#### Task inputs
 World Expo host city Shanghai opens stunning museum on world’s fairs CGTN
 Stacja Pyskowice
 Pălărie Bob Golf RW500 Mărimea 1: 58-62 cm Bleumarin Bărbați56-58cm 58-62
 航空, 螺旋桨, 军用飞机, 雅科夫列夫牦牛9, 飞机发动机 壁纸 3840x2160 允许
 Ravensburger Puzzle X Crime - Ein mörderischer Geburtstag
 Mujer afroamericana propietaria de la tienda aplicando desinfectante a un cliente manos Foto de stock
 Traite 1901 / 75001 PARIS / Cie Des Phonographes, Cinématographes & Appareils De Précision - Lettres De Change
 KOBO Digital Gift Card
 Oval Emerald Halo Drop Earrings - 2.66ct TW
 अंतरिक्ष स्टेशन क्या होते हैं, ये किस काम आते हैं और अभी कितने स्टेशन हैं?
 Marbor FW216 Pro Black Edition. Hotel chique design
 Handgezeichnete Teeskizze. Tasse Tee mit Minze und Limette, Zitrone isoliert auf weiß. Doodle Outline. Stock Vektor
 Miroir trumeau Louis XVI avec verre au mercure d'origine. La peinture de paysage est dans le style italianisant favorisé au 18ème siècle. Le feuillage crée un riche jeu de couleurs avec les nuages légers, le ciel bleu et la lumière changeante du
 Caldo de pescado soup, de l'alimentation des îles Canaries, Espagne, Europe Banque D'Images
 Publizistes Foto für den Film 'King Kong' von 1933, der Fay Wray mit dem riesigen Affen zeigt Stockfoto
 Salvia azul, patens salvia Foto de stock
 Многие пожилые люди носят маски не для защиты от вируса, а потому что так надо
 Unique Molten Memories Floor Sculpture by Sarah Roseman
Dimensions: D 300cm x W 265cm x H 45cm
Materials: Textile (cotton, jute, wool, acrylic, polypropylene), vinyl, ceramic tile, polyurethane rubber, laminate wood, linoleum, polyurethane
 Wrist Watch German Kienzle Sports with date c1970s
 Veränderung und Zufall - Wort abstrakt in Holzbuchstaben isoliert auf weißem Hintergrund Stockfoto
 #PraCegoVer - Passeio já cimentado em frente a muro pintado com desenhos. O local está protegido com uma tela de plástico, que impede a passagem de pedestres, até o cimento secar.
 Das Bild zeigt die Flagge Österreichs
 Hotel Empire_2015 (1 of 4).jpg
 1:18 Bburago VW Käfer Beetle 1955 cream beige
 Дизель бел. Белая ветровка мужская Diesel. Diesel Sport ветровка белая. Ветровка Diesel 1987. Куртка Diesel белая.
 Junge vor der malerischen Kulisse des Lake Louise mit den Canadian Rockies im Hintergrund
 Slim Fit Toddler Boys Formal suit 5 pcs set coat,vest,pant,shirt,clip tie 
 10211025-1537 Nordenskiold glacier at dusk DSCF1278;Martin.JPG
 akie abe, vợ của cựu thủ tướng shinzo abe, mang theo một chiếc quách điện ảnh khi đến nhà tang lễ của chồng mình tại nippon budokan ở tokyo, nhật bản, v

#### Task item
Of the lines above, output exactly those from the line bearing "#PraCegoVer - Passeio" through the line bearing "Slim Fit Toddler", inclusive.

#### Written solution
 #PraCegoVer - Passeio já cimentado em frente a muro pintado com desenhos. O local está protegido com uma tela de plástico, que impede a passagem de pedestres, até o cimento secar.
 Das Bild zeigt die Flagge Österreichs
 Hotel Empire_2015 (1 of 4).jpg
 1:18 Bburago VW Käfer Beetle 1955 cream beige
 Дизель бел. Белая ветровка мужская Diesel. Diesel Sport ветровка белая. Ветровка Diesel 1987. Куртка Diesel белая.
 Junge vor der malerischen Kulisse des Lake Louise mit den Canadian Rockies im Hintergrund
 Slim Fit Toddler Boys Formal suit 5 pcs set coat,vest,pant,shirt,clip tie 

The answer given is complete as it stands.